It is also predicted that trophy wives will be put on pedestals and will never be allowed to come down from them ever again. Trophy wives will be married to sixty-five year old bank accounts posing as old men. They will have a black American express card attached to them like a utility belt and will forever be on a low carb, high protein diet.

No one will make their own decisions. A committee will be hired and much delegation will take place and then the choice to have a glass of water will be made. That said there will always be ample bottle service and it will be preferred that children start drinking champagne at an earlier age so as to acclimate themselves with their burgeoning social lives once they hit twelve.

Spray on tans will be sprayed on everything that has skin. Even the children will be born with that spray on tan look. Hipsters, euro trash and Upper East side dames will of course have their own designer sun spray lotions and each hundredth spray can you will buy will be personally signed by Perez Hilton.

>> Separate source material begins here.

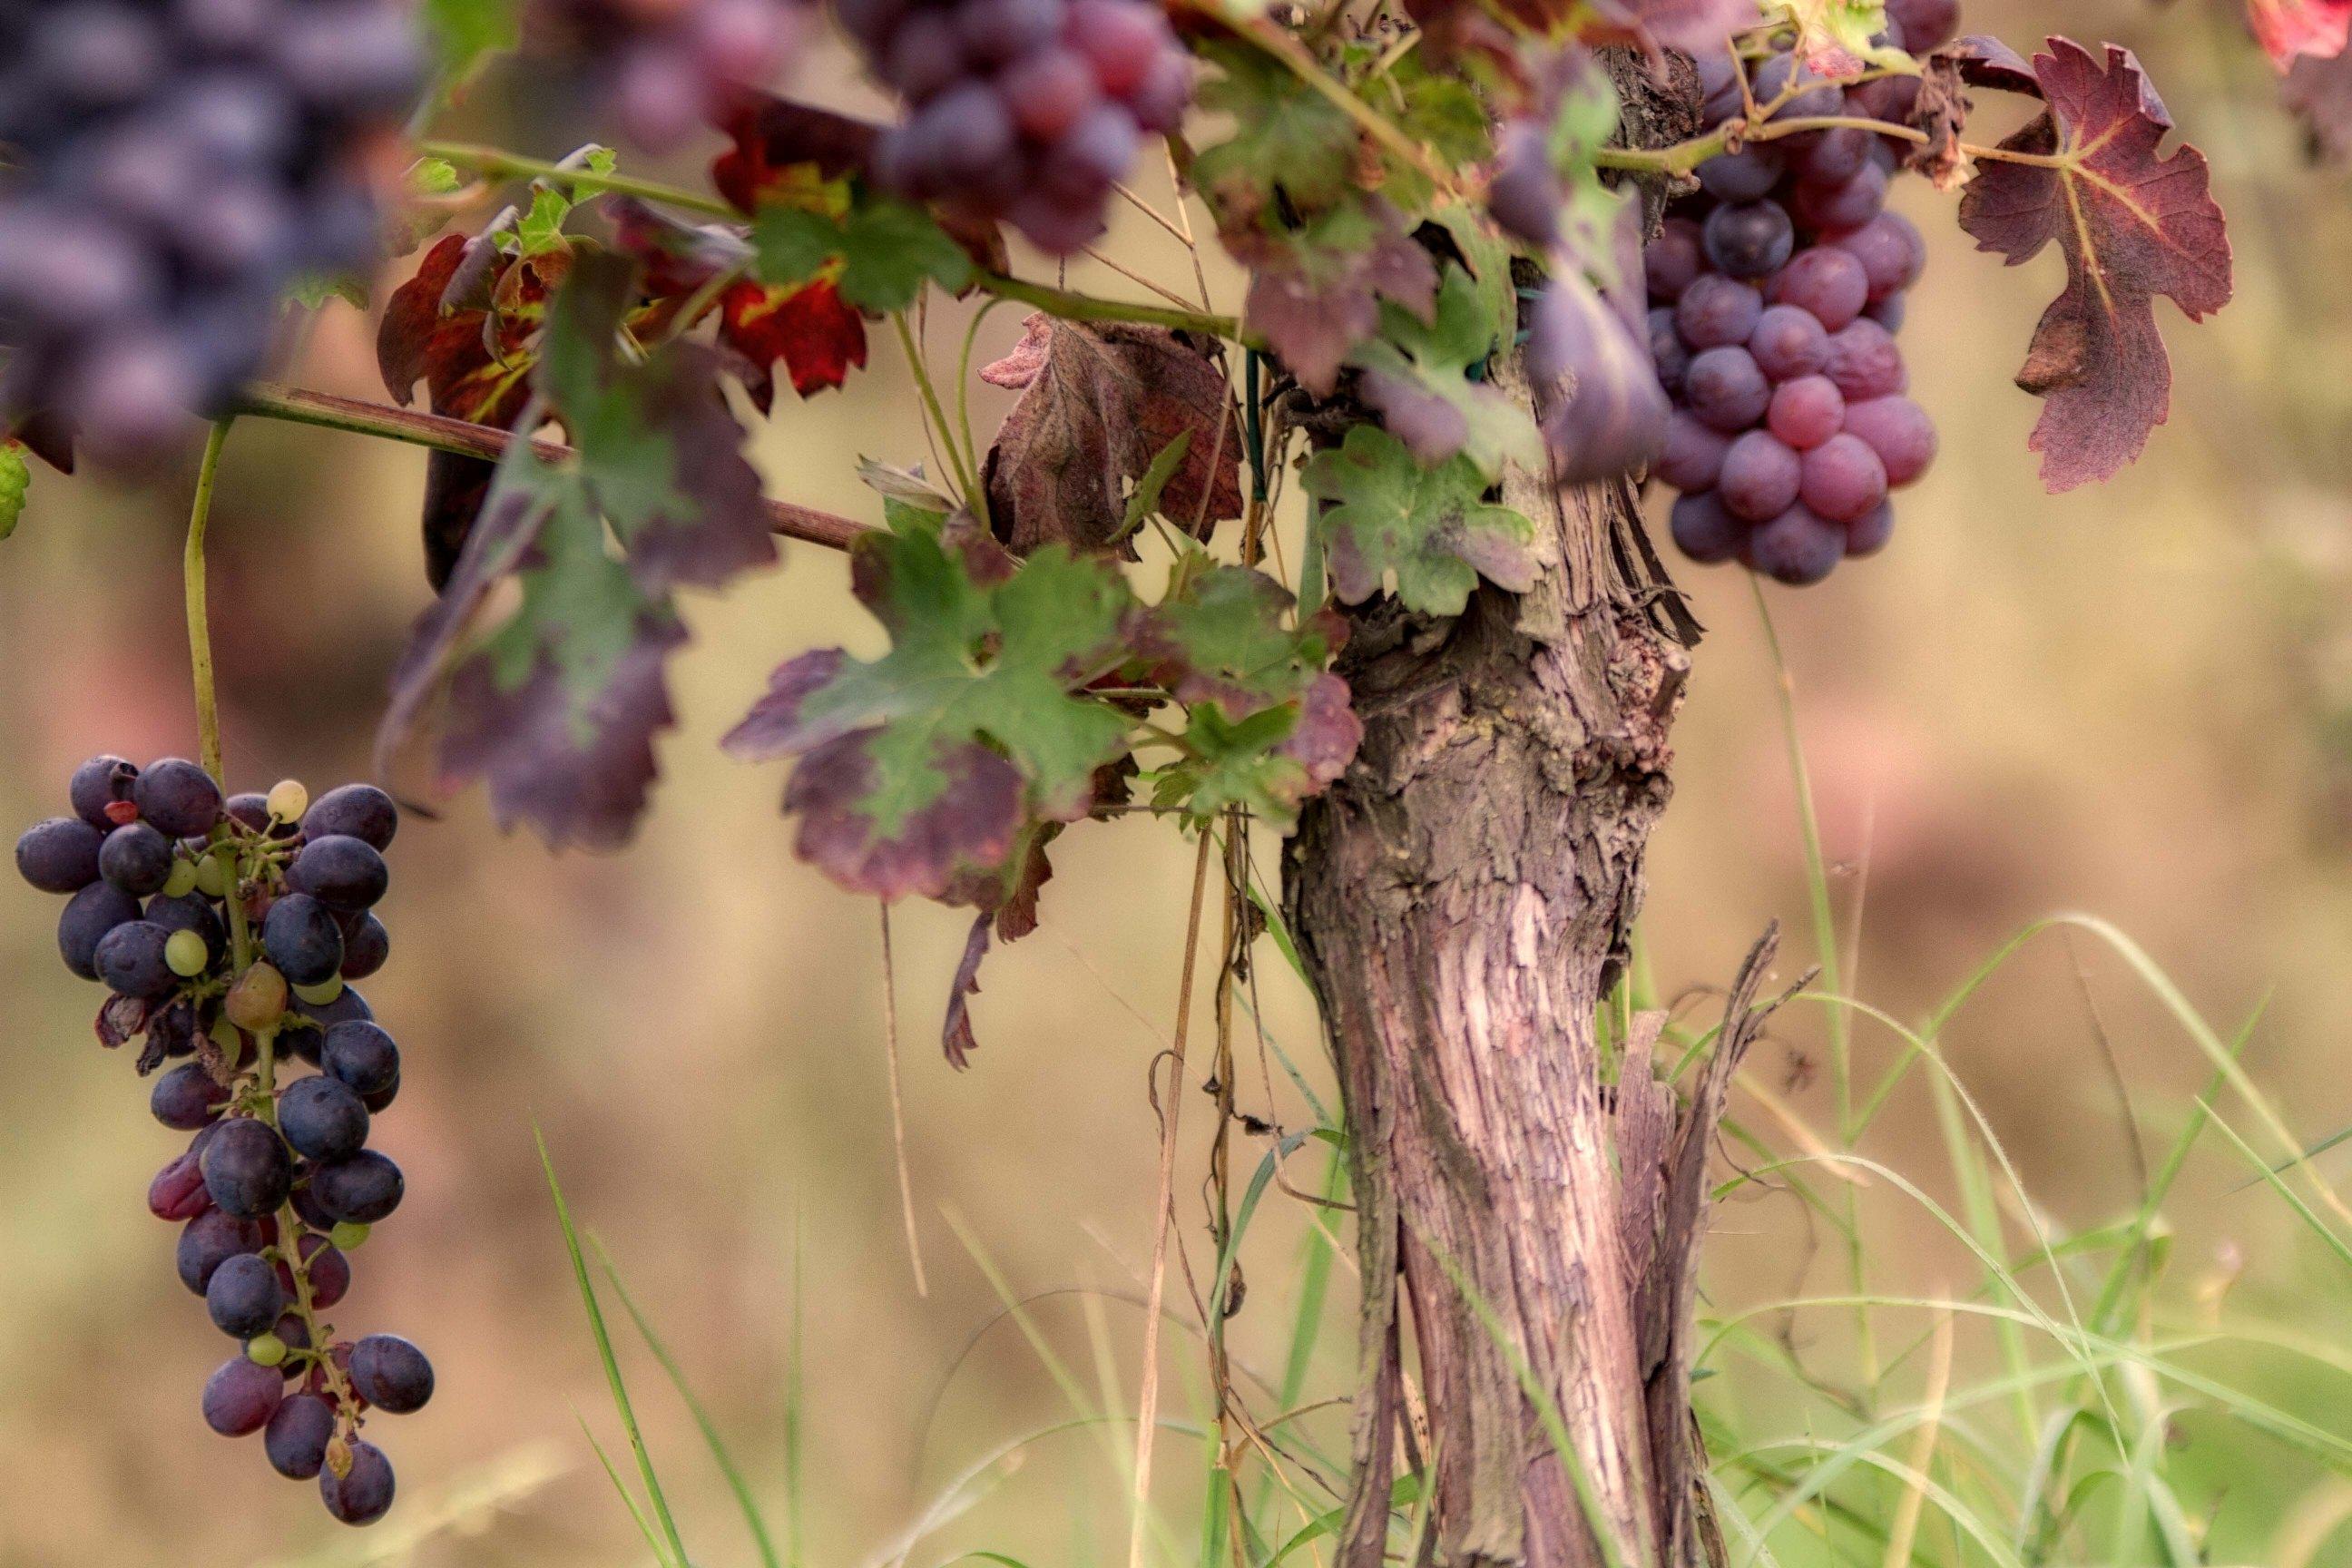 мож красивые картинки виноградной лозы что русский язык

Fashion Island will be the part of California that splits off and falls into the sea. There will be an uptown Fashion island and even a downtown Fashion island, where you end up living will of course be decided on your looks and an honorary fashion police committee. A predilection to speaking with a French accent and excessive name dropping will see you living in the west wing of Fashion Island- other wise known as the Jersey Shore.

No other predictions have been able to be made. Nostradamus was last seen walking the ‘Bryant Park’ planks before driving a Mercedes speed machine into the sky and never been seen again, albeit with their very own designer tan spray…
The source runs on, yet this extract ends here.